The value of >IN can also be modified by a word in the input buffer that is executed by the text interpreter. This means that a word can “trick” the text interpreter into either skipping a section of the input buffer⁵ or into parsing a section twice. For example:

     : lat ." <<foo>>" ;
     : flat ." <<bar>>" >IN DUP @ 3 - SWAP ! ;

When flat is executed, this output is produced⁶:

     <<bar>><<foo>>

This technique can be used to work around some of the interoperability problems of parsing words. Of course, it's better to avoid parsing words where possible.

Two important notes about the behaviour of the text interpreter:

It processes each input string to completion before parsing additional characters from the input buffer.
It treats the input buffer as a read-only region (and so must your code).

When the text interpreter is in compile state, its behaviour changes in these ways:

If a parsed string is found in the dictionary, the text interpreter will perform the word's compilation semantics. In most cases, this simply means that the execution semantics of the word will be appended to the current definition.
When a number is encountered, it is compiled into the current definition (as a literal) rather than being pushed onto a parameter stack.
If an error occurs, state is modified to put the text interpreter back into interpret state.
Each time a line is entered from the keyboard, Gforth prints “ compiled” rather than “ ok”.
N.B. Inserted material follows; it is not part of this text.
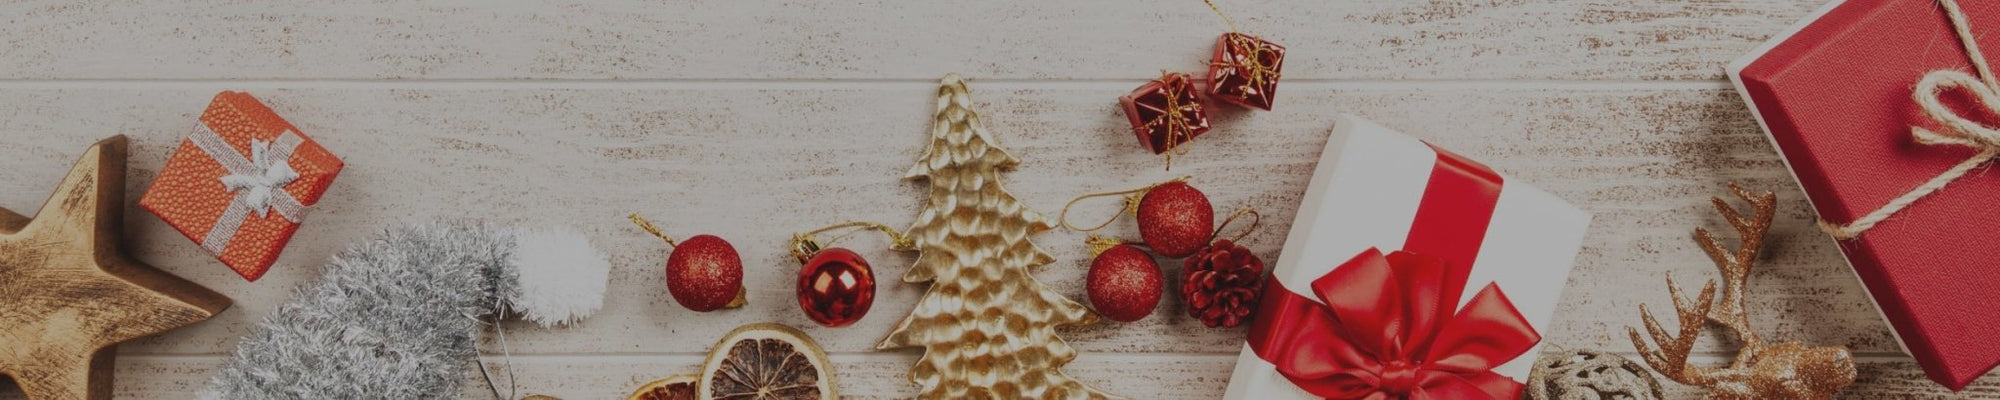 5 Wholesale Christmas Kitchen Decor Pieces to Help Your Customers Serve Holiday Magic - Wholesale Accessory Market

When the text interpreter is using an input device other than the keyboard, its behaviour changes in these ways:

When the parse area is empty, the text interpreter attempts to refill the input buffer from the input source. When the input source is exhausted, the input source is set back to the previous input source.
It doesn't print out “ ok” or “ compiled” messages each time the parse area is emptied.
If an error occurs, the input source is set back to the user input device.

You can read about this in more detail in Input Sources.

>in       – addr         core       “to-in”

input-var variable – a-addr is the address of a cell containing the char offset from the start of the input buffer to the start of the parse area.

source       – addr u         core       “source”

Return address addr and length u of the current input buffer

tib       – addr         core-ext-obsolescent       “t-i-b”

#tib       – addr         core-ext-obsolescent       “number-t-i-b”

input-var variable – a-addr is the address of a cell containing the number of characters in the terminal input buffer. OBSOLESCENT: source superceeds the function of this word.

Footnotes

[1] This is an expanded version of the material in Introducing the Text Interpreter.

[2] When the text interpreter is processing input from the keyboard, this area of memory is called the terminal input buffer (TIB) and is addressed by the (obsolescent) words TIB and #TIB.

[3] This happens if the word was defined as COMPILE-ONLY.

[4] In other words, the text interpreter processes the contents of the input buffer by parsing strings from the parse area until the parse area is empty.

[5] This is how parsing words work.

[6] Exercise for the reader: what would happen if the 3 were replaced with 4?